Innovatively combining existentialist philosophy with cutting edge post-structuralist and psychoanalytic perspectives, this book boldly reconsiders market freedom. Bloom argues that present day capitalism has robbed us of our individual and collective ability to imagine and implement alternative and more progressive economic and social systems; it has deprived us of our radical freedom to choose how we live and what we can become.

Since the Great Recession, capitalism has been increasingly blamed for rising inequality and feelings of mass social and political alienation. In place of a deeper liberty, the free market offers subjects the opportunity to continually reinvest their personal and shared hopes within its dogmatic ideology and policies.
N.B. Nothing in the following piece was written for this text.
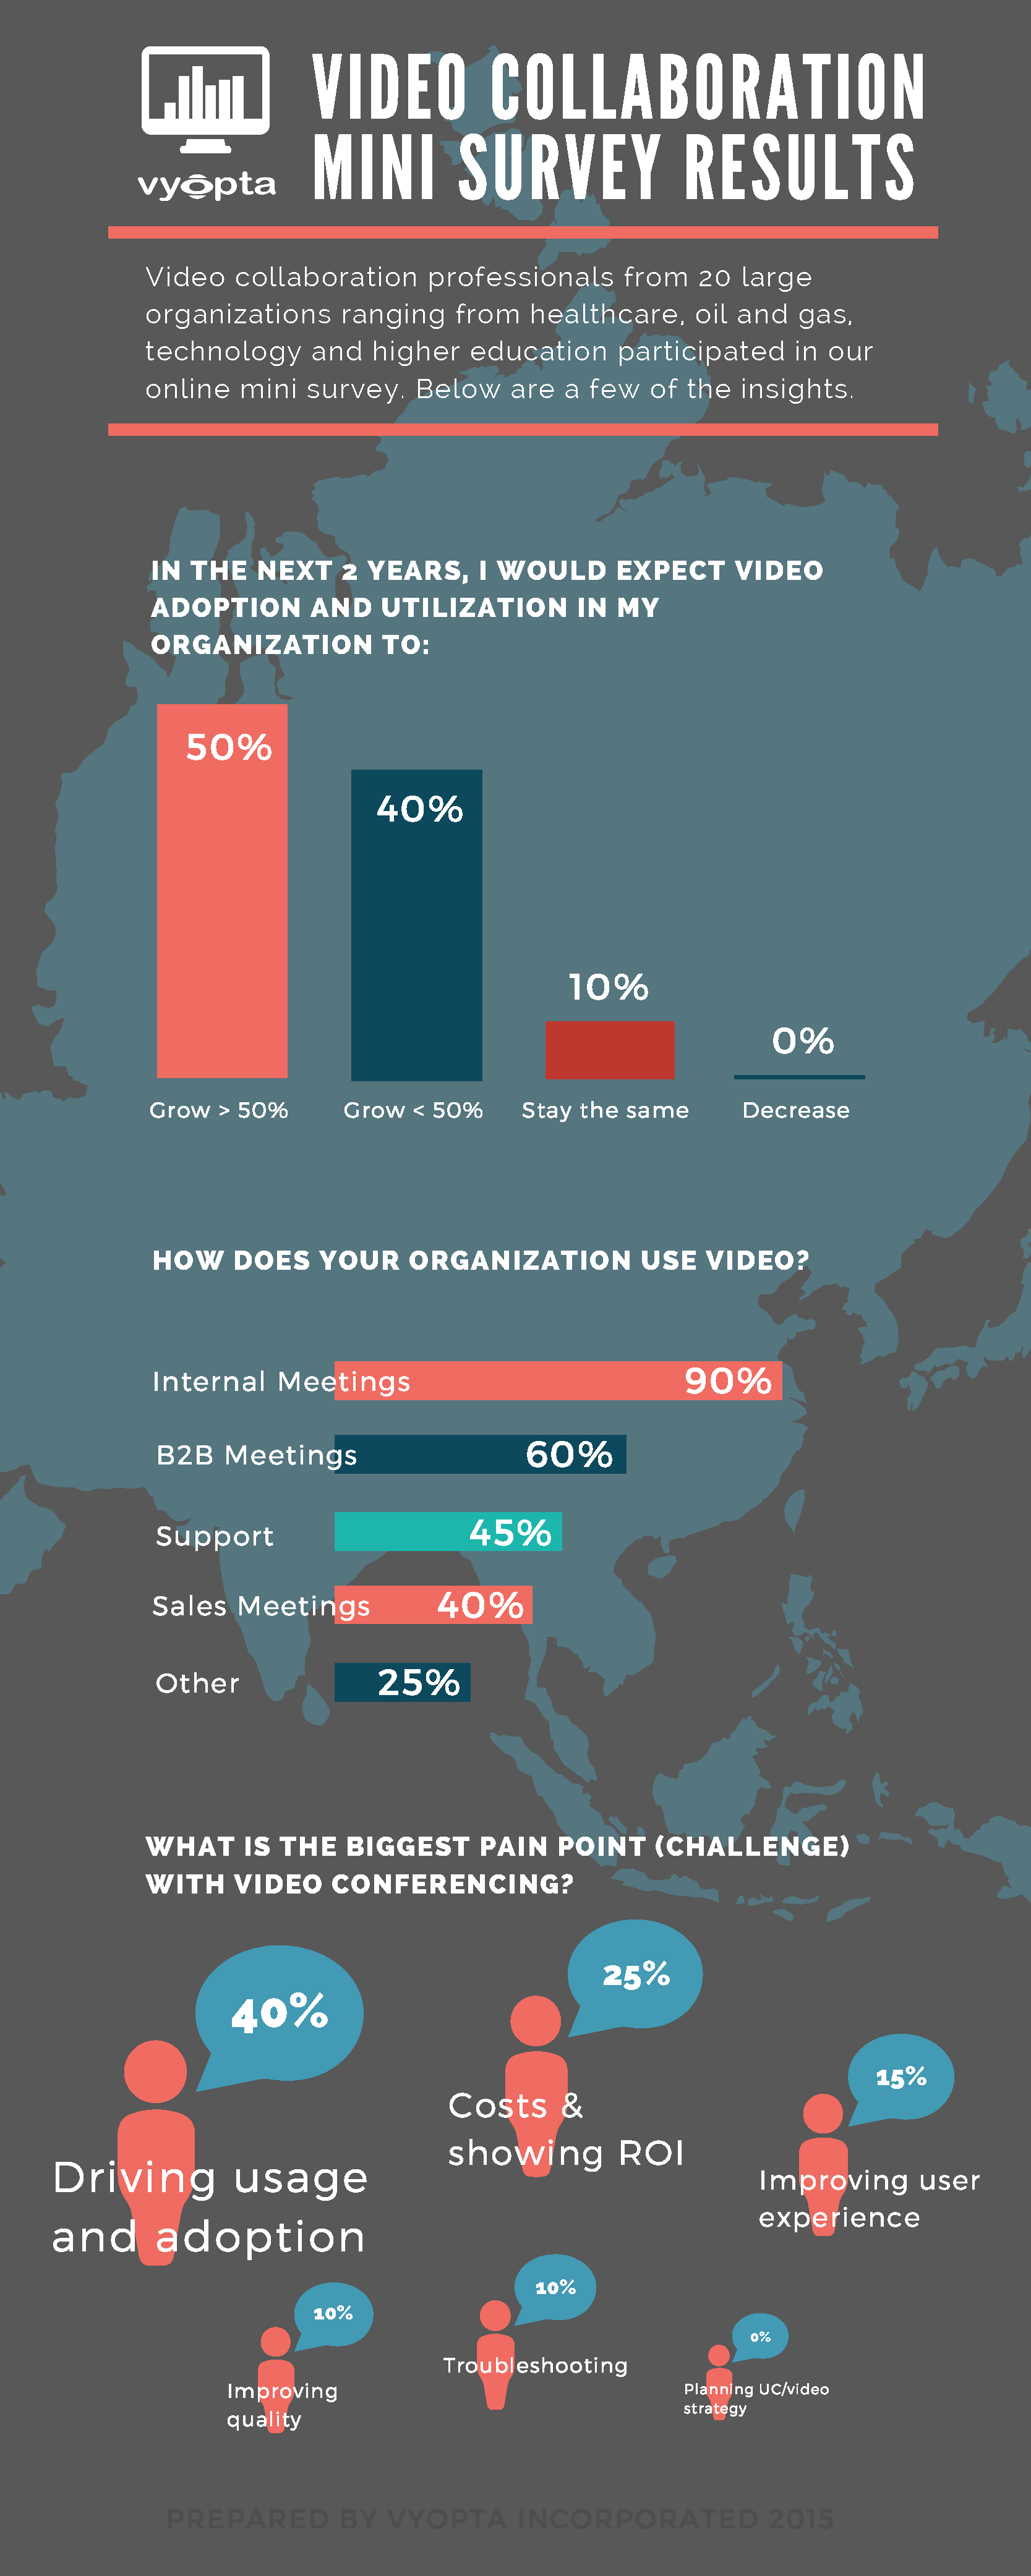 Video conferencing survey results and predictions

This embrace helps to temporarily alleviate growing feelings of anxiety and insecurity at the expense of our fundamental human agency. What has become abundantly clear is that the free market is anything but free.

Here, Bloom exposes our present day bad faith in the free market and how we can break free from it.

Chapter 1: The Bad Faith in the Free Market: The Need for Existential Freedom

Chapter 2: Breaking Free from the Free Market: The Existential Gap of Freedom

Chapter 3: Capitalism’s Existential Crisis: Producing Existential Freedom

Chapter 4: The Facticities of Neoliberalism: Demanding Existential Freedom

Chapter 5: Capitalist Being and Nothingness: Enjoying Existential Freedom

Chapter 6: Subjected to the Free Market: The Subject of Existential Freedom

Chapter 7: Deconstructing the Free Market: The Spectre of Existential Freedom

Chapter 8: Reinvesting in Good Faith: The Radical Promise of Existential Freedom

Peter Bloom is Senior Lecturer and Head of the Department of People and Organisations at the Open University, UK. His primary research interests include ideology, subjectivity and power, specifically as they relate to broader discourses and everyday practices of capitalism and democracy. 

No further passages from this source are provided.